The scheme puts pressure on Hong Kong’s transportation and public spaces, but people often do not distinguish between immigrants and visitors and stigmatise them as one group of Mainlanders, adds Choi.

According to the Security Bureau, there have been around 212.6 million visits under the individual visit scheme since it started in 2003, with an average of more than 27 million visits each year in the past four years. Around 879,000 people from the Mainland came to join their families between 1997 and 2015. Meanwhile, more than 202,000 children who were born in Hong Kong to non-Hong Kong parents between 2001 and 2012, automatically got residency rights.

While some Hong Kong people may dislike new immigrants because they think they drain public resources, others see them as an impediment to Hong Kong’s democratic development because they are more likely to support pro-Beijing political parties.

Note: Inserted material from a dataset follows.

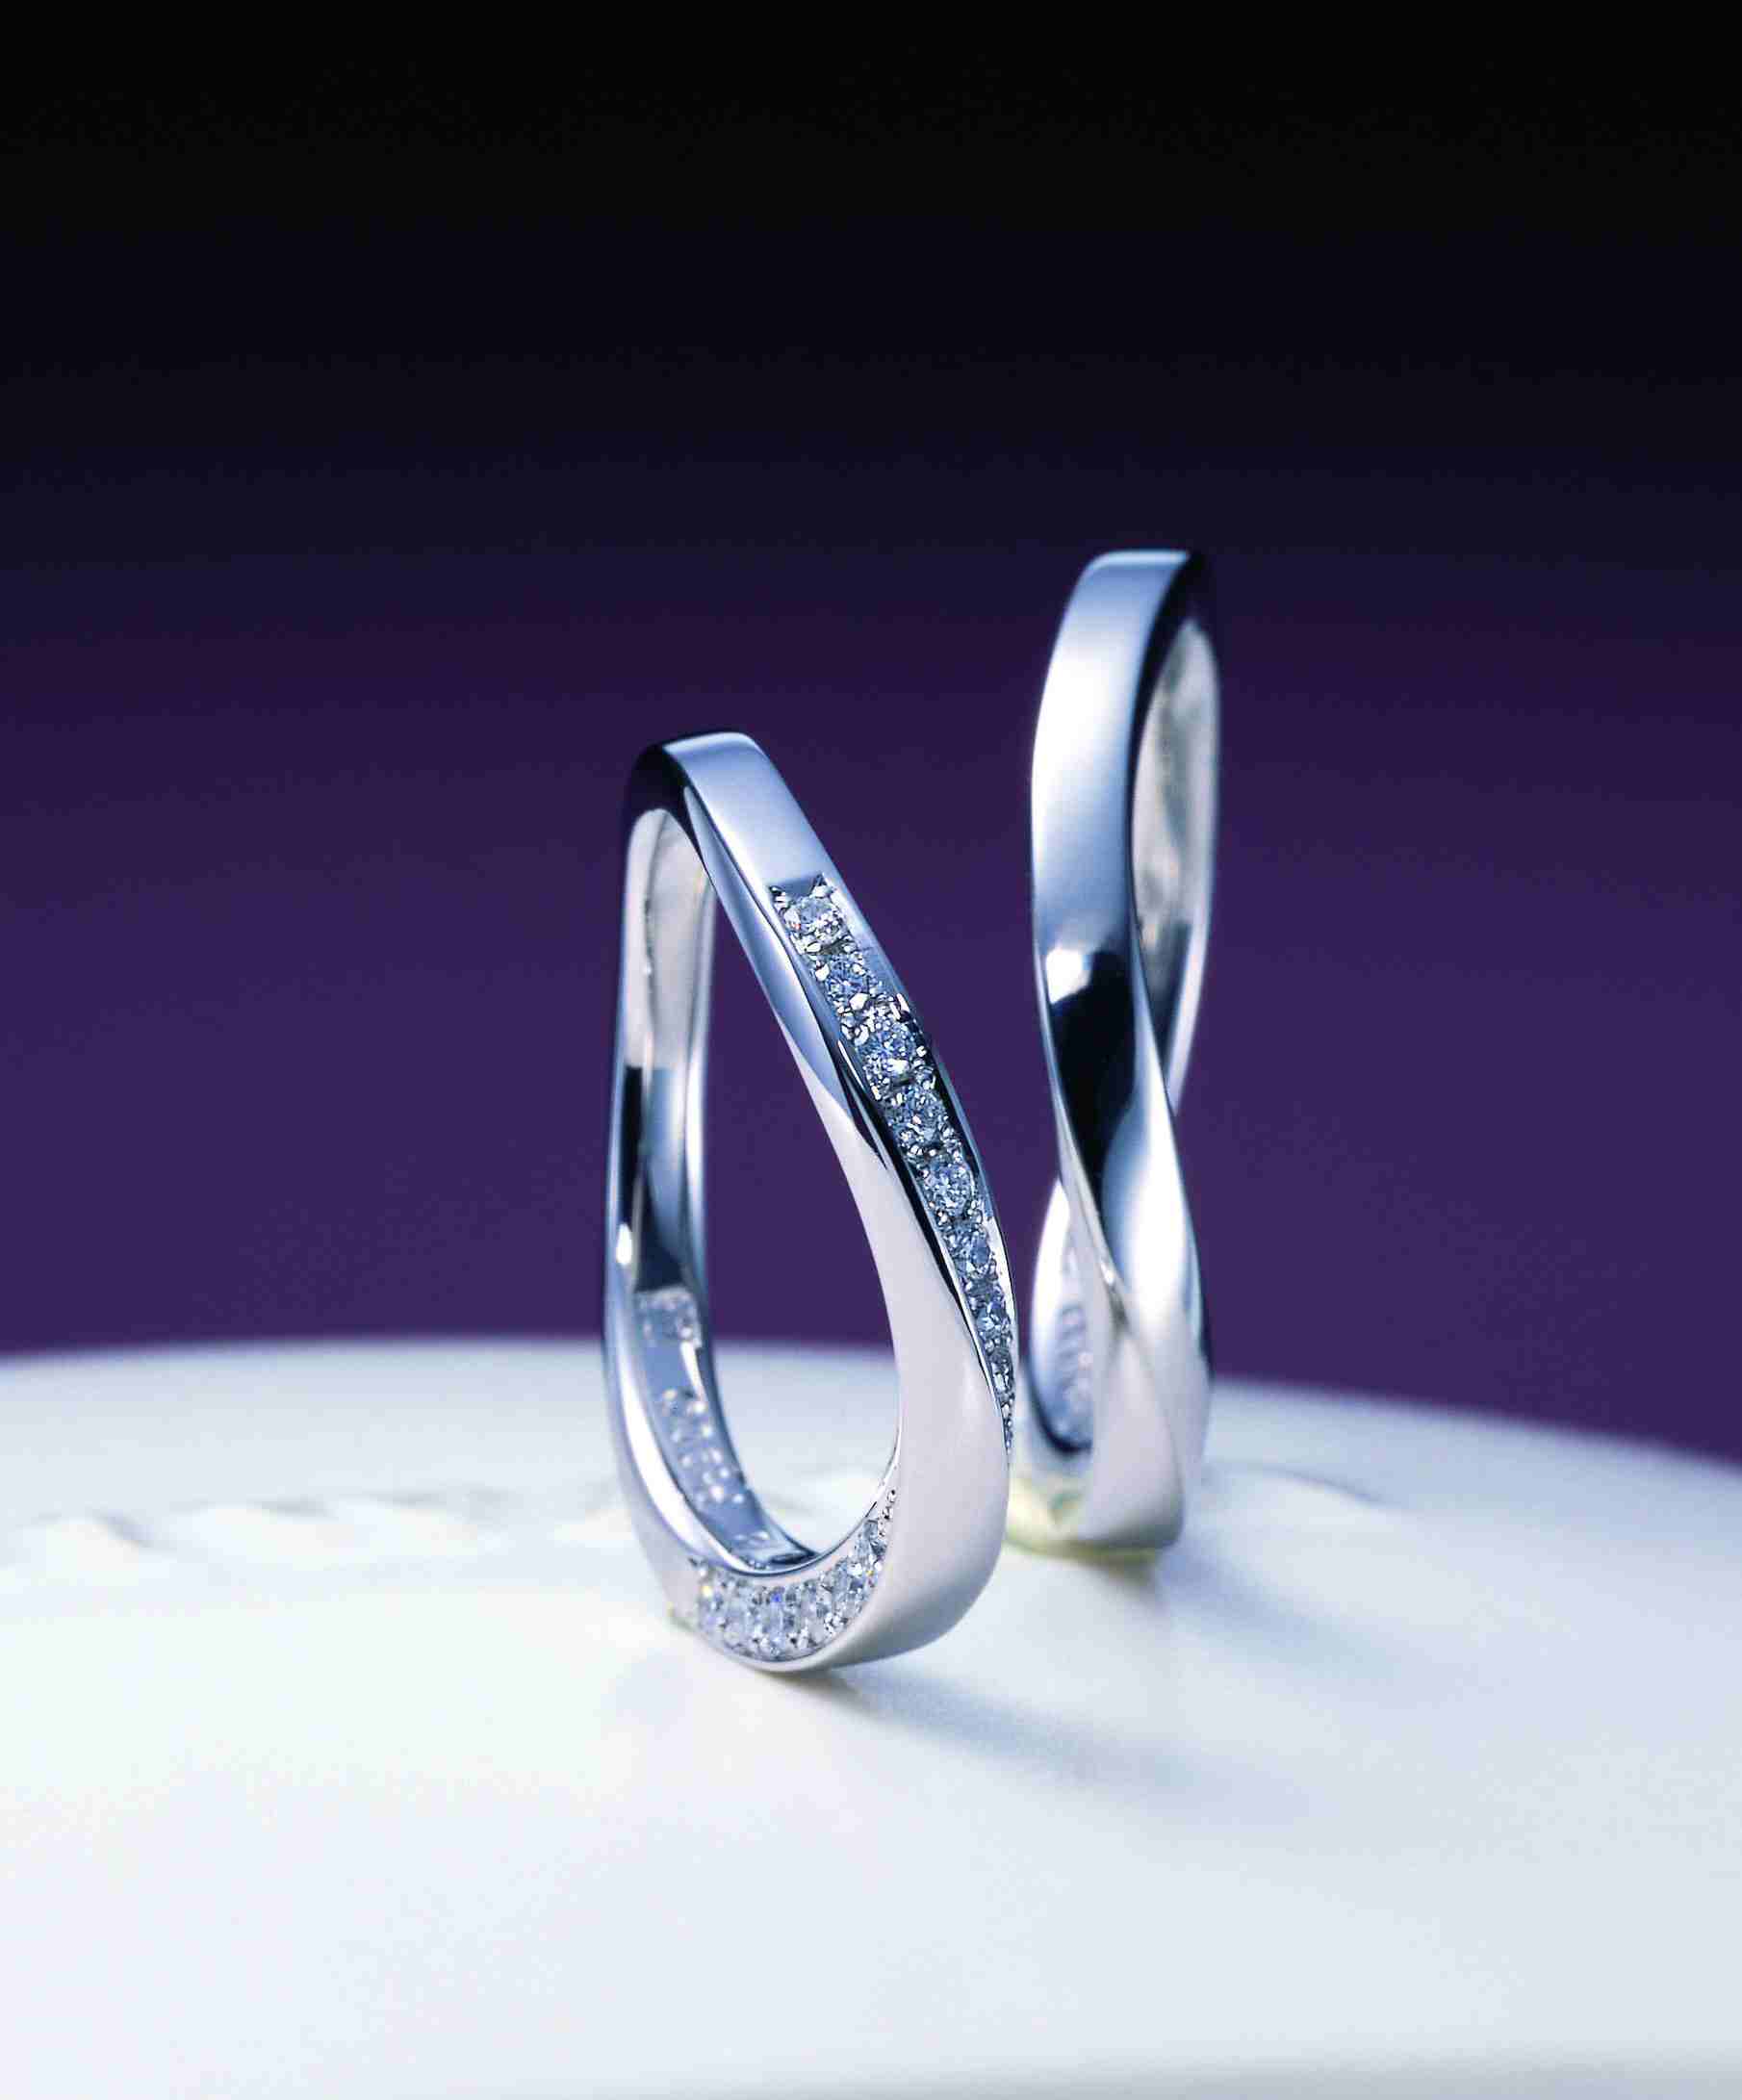 「杜若」「凛」「綺羅」。漢字テストではありません。指輪の名前です。～俄の結婚指輪のエピソード_f0118568_23345891.jpg

Ma Ngok, a professor from the Department of Government and Public Administration at CUHK, co-authored a study on mainland migrants and democratisation in 2016. It found mainland migrants are more likely to vote for pro-establishment candidates and support conservative governance. Ma explains that most mainland migrants come to Hong Kong for economic reasons rather than to pursue freedom and democracy. He says they do not identify with democracy, and pro-establishment parties have more resources and money to win their support. Ma adds this is likely to change if they are gradually socialised by Hong Kong but the pace of socialisation is slow.

But CUHK sociologist Susanne Choi disagrees. “Most migrants are not supporters of pro-establishment camps. They don’t know their political stances. They know nothing about Hong Kong’s political environment,” Choi says.

She says her research shows that 13 per cent of immigrants are pro-establishment, 18 per cent of them are pro-democracy and more than 50 per cent are politically neutral. She says it is for the pro-democracy parties to try to win their support.

Former abode seeker Yu Xiaoqing says new immigrants can also support democracy, but “the real democracy is not only about voting, but also about whether we know how to include all people in the agenda of democracy”.